И, наконец, последней сенсацией в статье Мережковского является утверждение, что Вл. Соловьев — это пророк. Спрашивается: чего же именно пророком является Вл. Соловьев с точки зрения Мережковского? Здесь фантазия Мережковского доходит до предела. Оказывается, что Вл. Соловьев проповедовал христианское спасение не в церкви, но вне ее, и ңе среди верующих, а среди неверующих. Откуда взял все это Мережковский? Неизвестно. Со слов М. С. Безобразовой, он приводит разные мнения людей, слушавших публичные лекции Вл. Соловьева. Но эти мнения были как положительные, так и отрицательные. Мережковскому приходится прибегать даже к такой явной фантастике, как внецерковное и внехристианское понимание слов Вл. Соловьева на смертном одре: «Тяжела работа Господня!» Подобное толкование было бы анекдотично, если бы не было столь фантастично. Но так как Мережковский все же хочет следовать символистской традиции о пророчествах Вл.

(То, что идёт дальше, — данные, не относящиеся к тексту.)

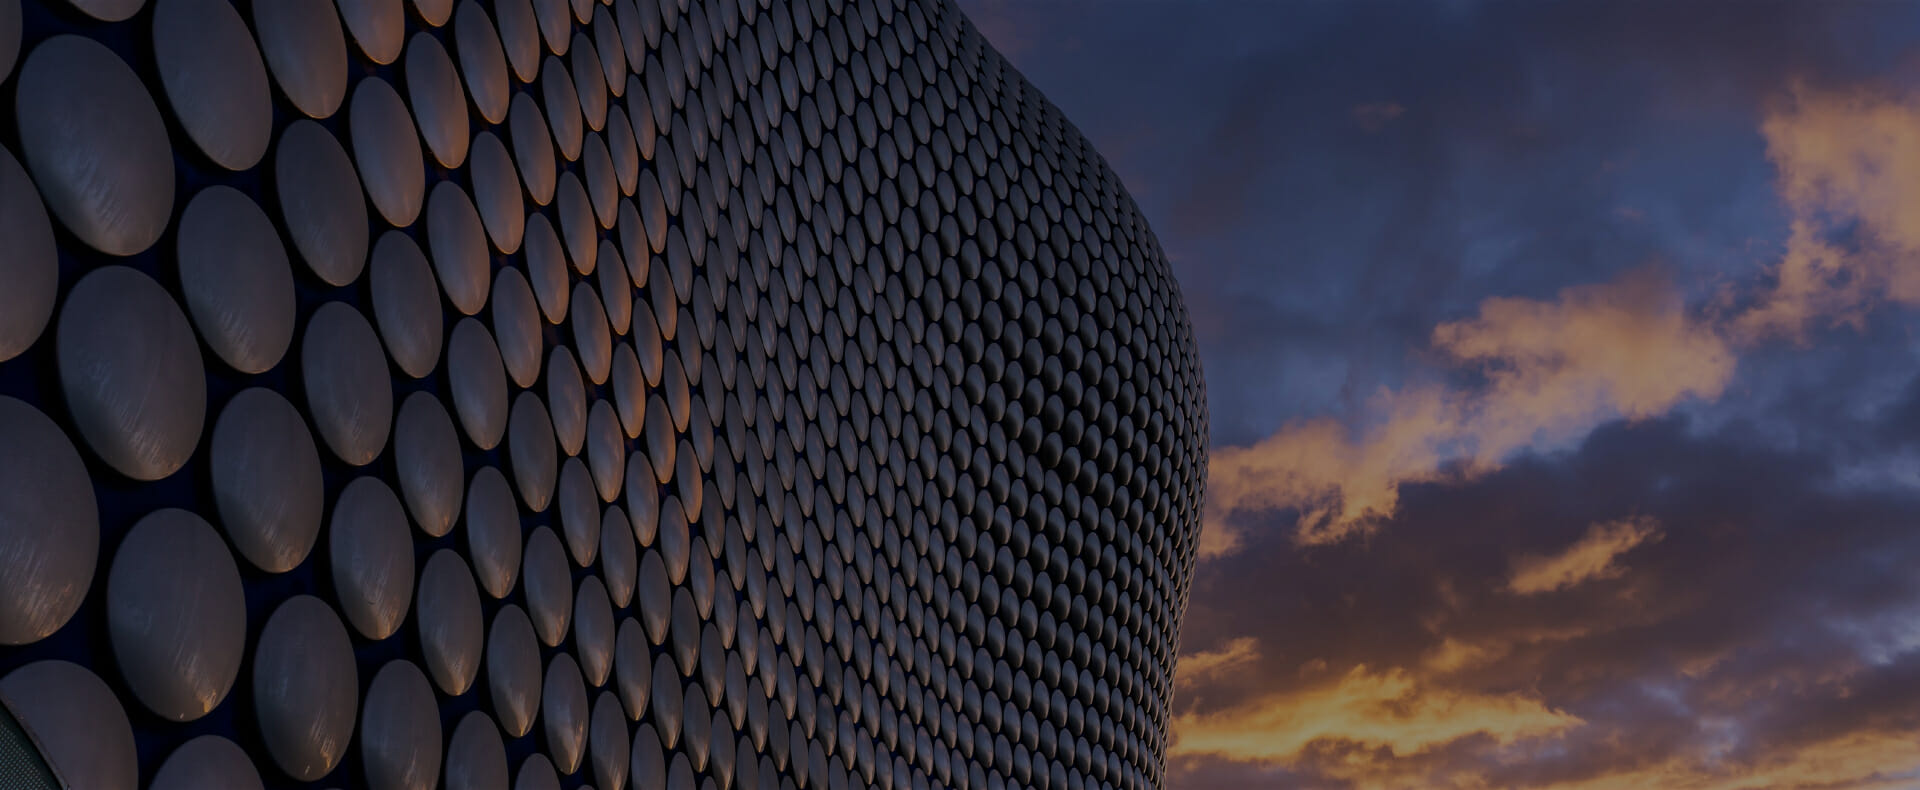 selfridges building in birmingham city with a cloudy sky

Соловьева, а сам никакого пророчества у него ни на один момент не видит, то Мережковскому приходится утверждать, что ту «революцию», о которой якобы пророчествовал философ, нужно искать не в десяти томах его сочинений, а в «немых знаках немого пророка»[650]. Признаться сказать, мы отказываемся понимать пророка, который ничего не пророчит, а если пророчит, то какими‑то знаками, тоже «немыми», то есть тоже ни о чем не пророчит.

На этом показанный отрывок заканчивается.